Exercise prompt:
Please return the listing exactly as written, but without its pictures.

Data section:
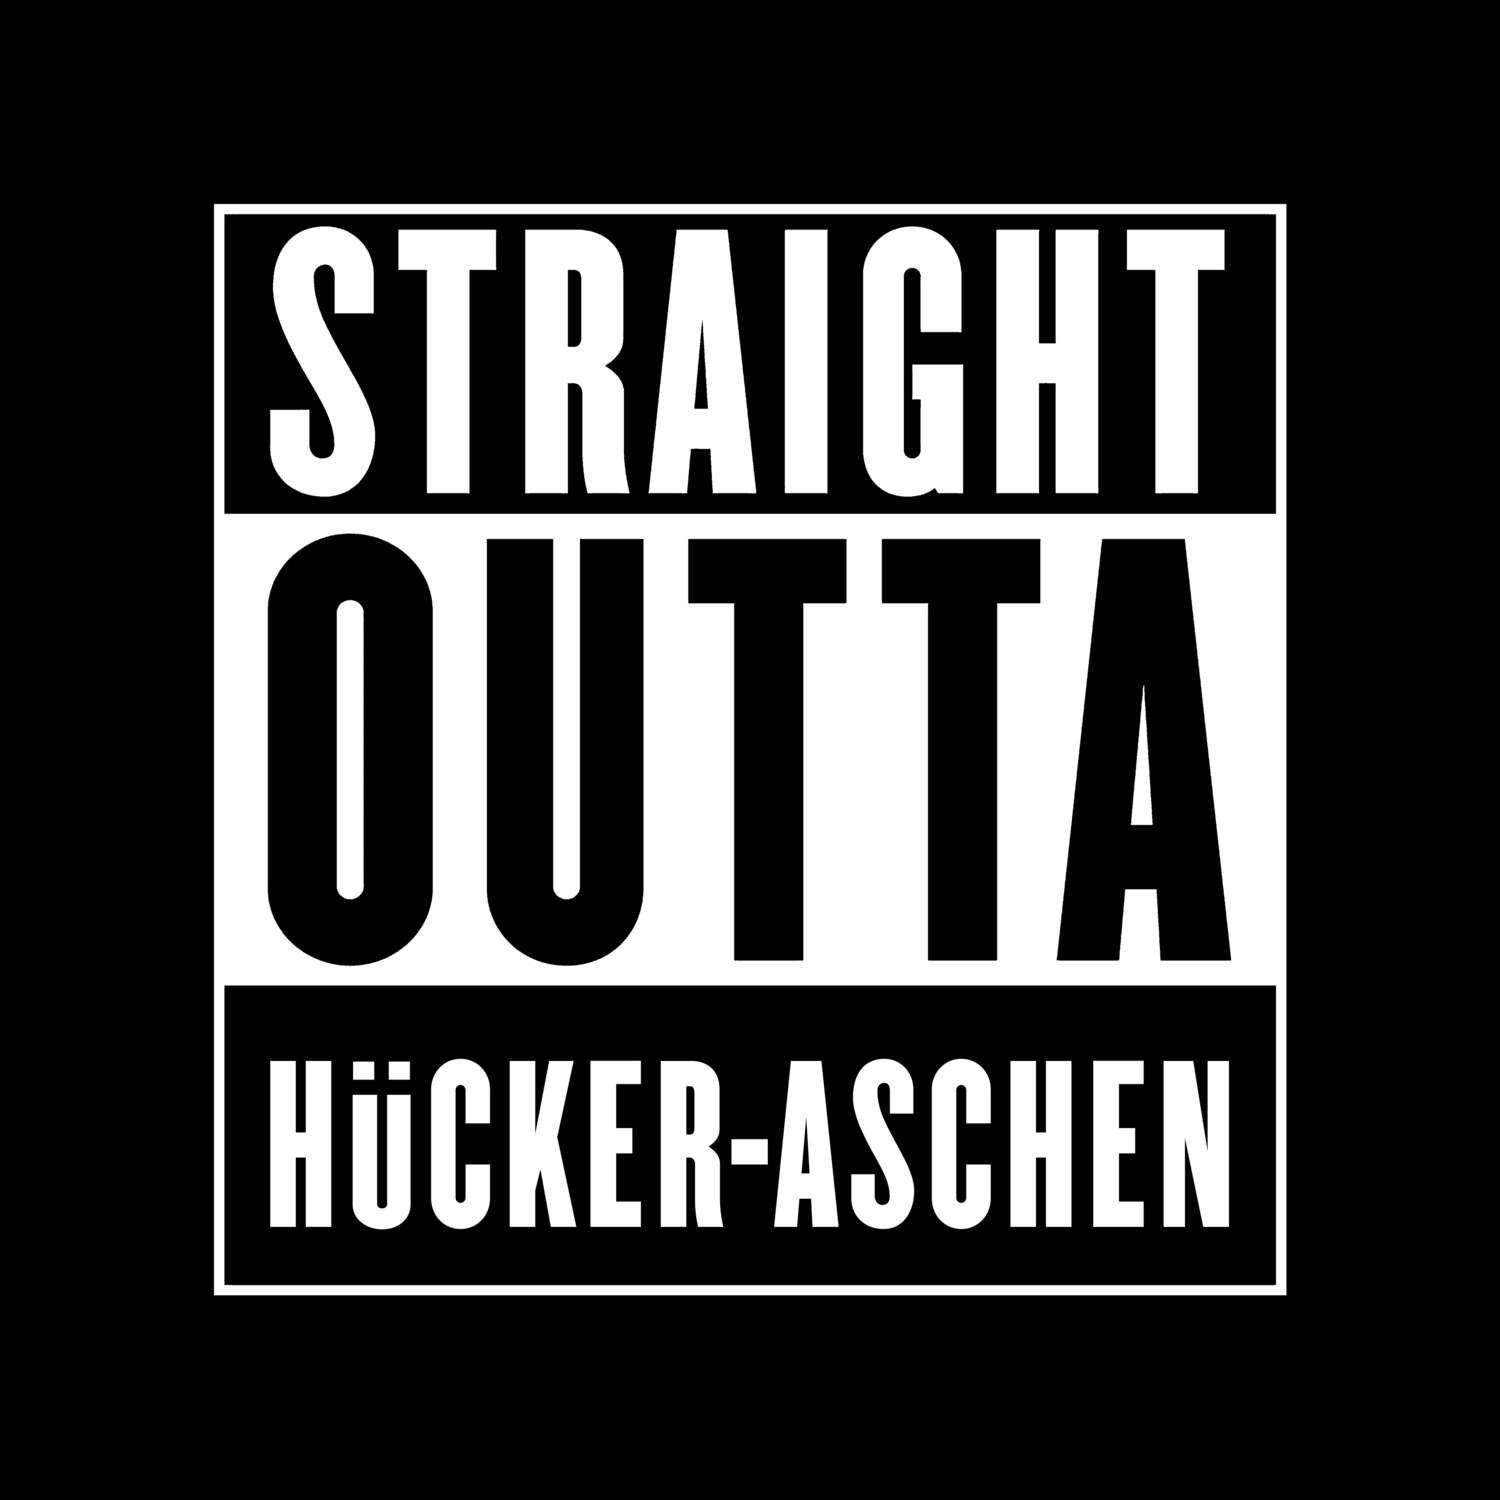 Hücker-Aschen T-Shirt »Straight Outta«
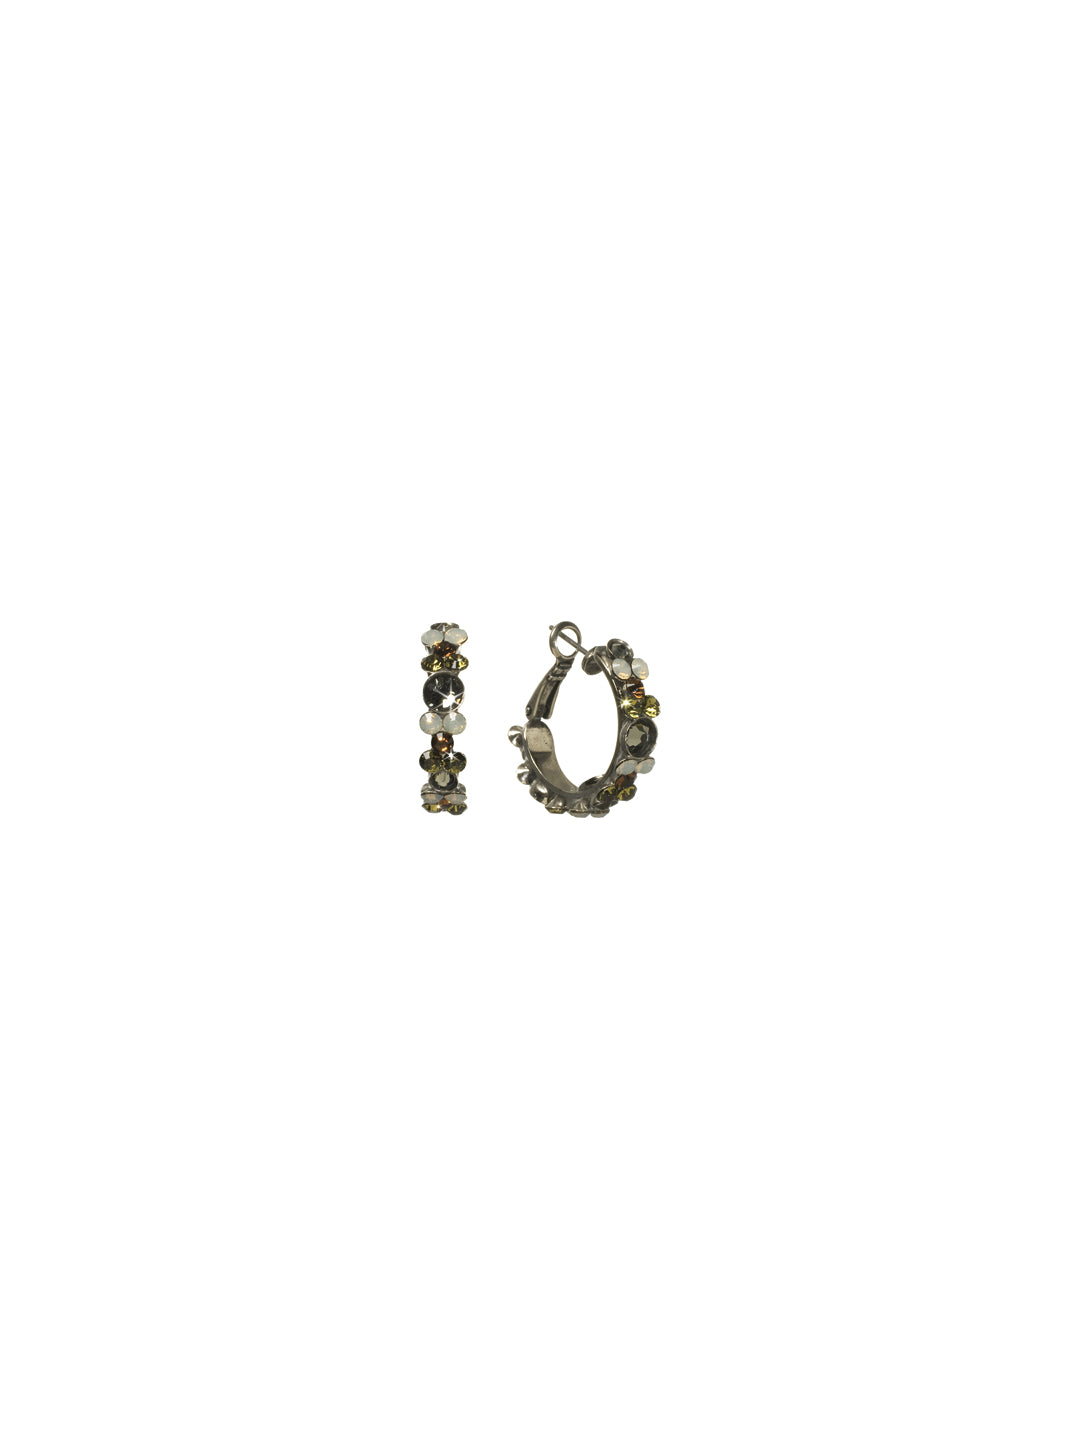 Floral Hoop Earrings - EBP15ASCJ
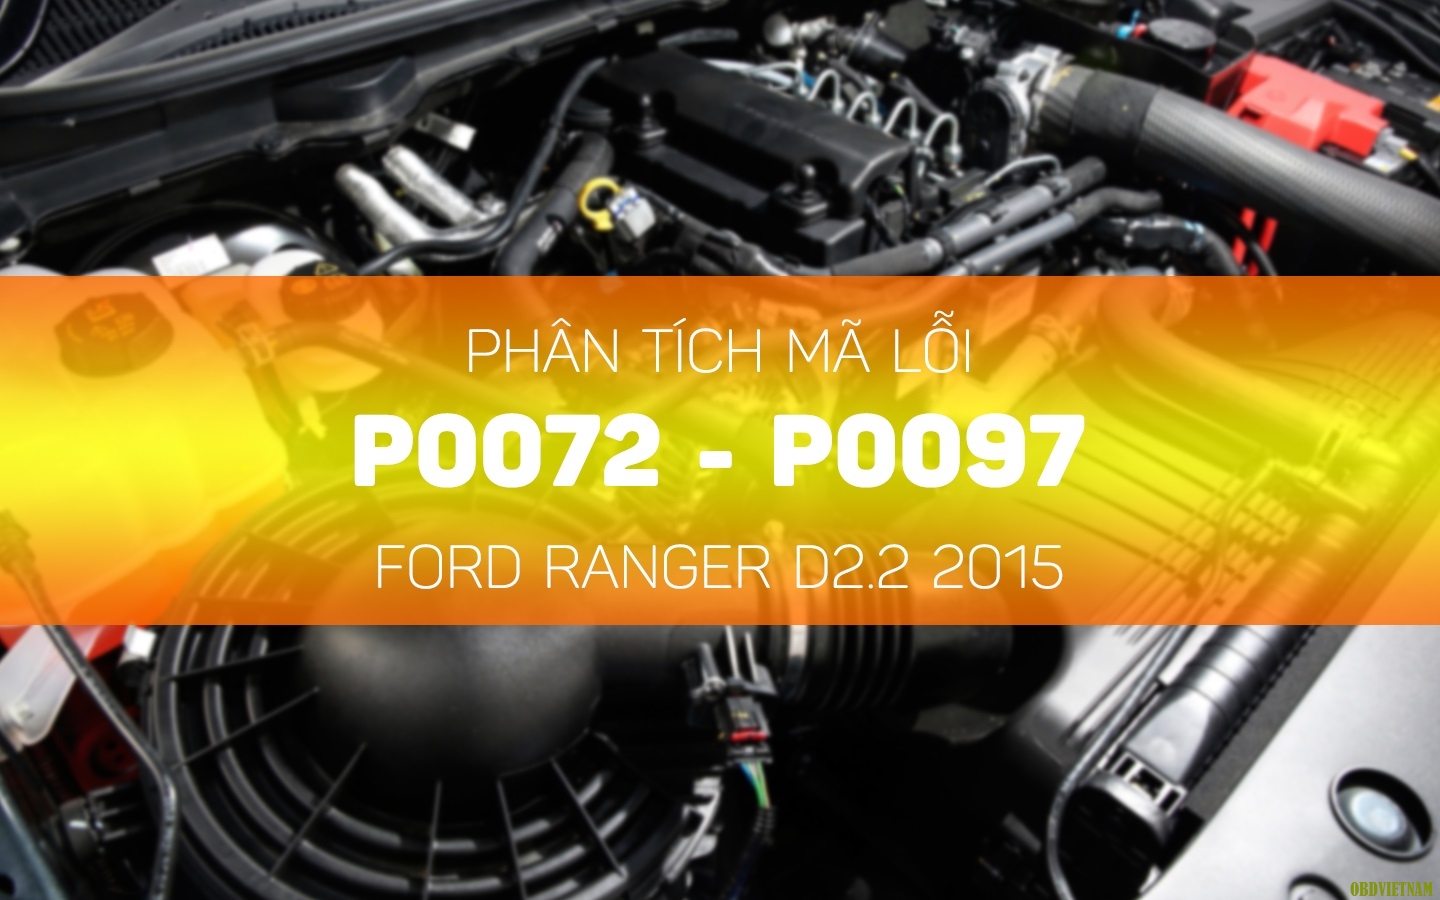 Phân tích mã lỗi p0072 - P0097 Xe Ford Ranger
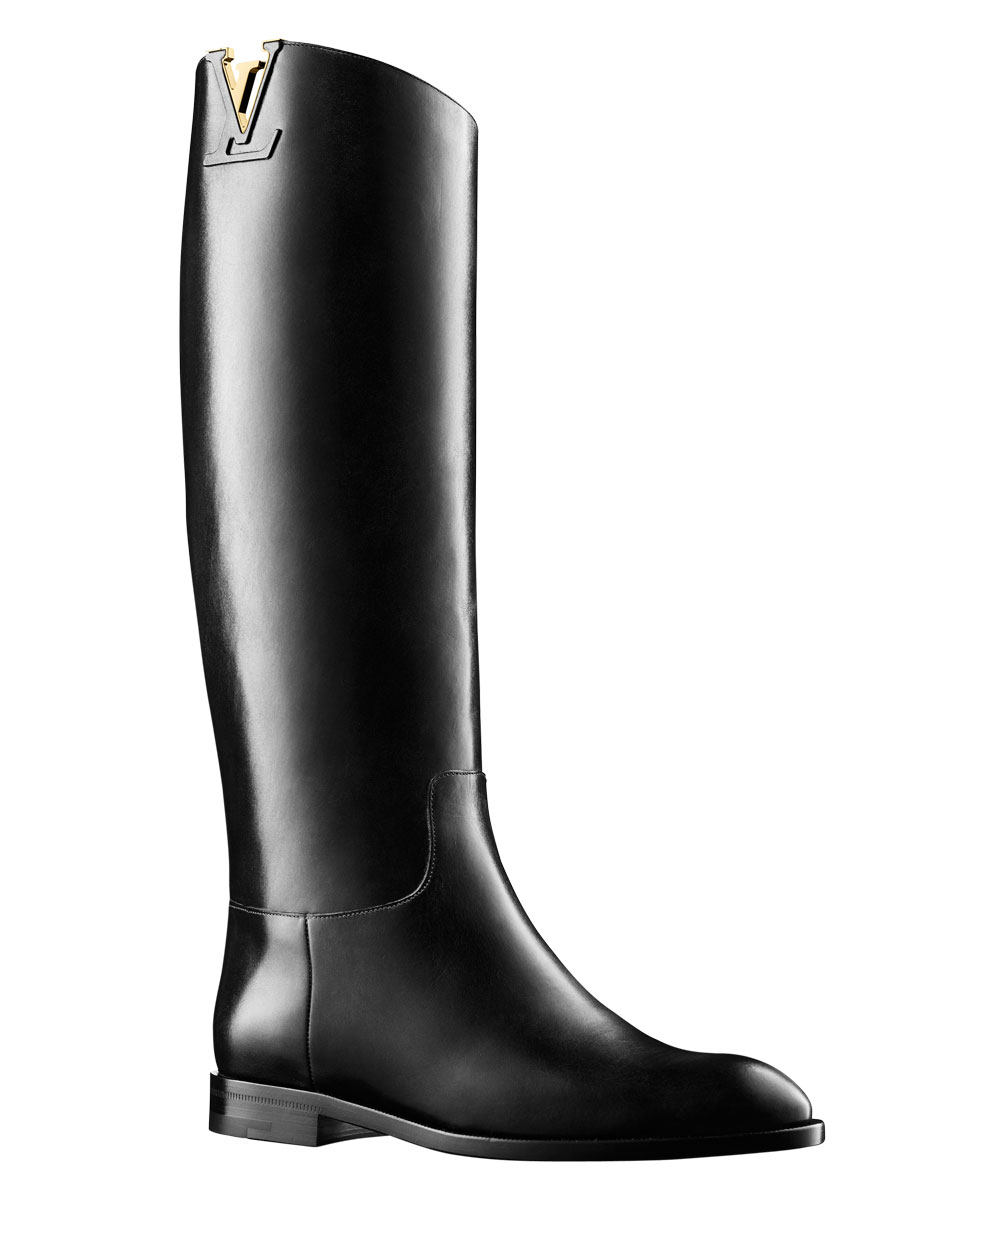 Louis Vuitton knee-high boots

Your solution:
 Hücker-Aschen T-Shirt »Straight Outta«
 Floral Hoop Earrings - EBP15ASCJ
 Phân tích mã lỗi p0072 - P0097 Xe Ford Ranger
 Louis Vuitton knee-high boots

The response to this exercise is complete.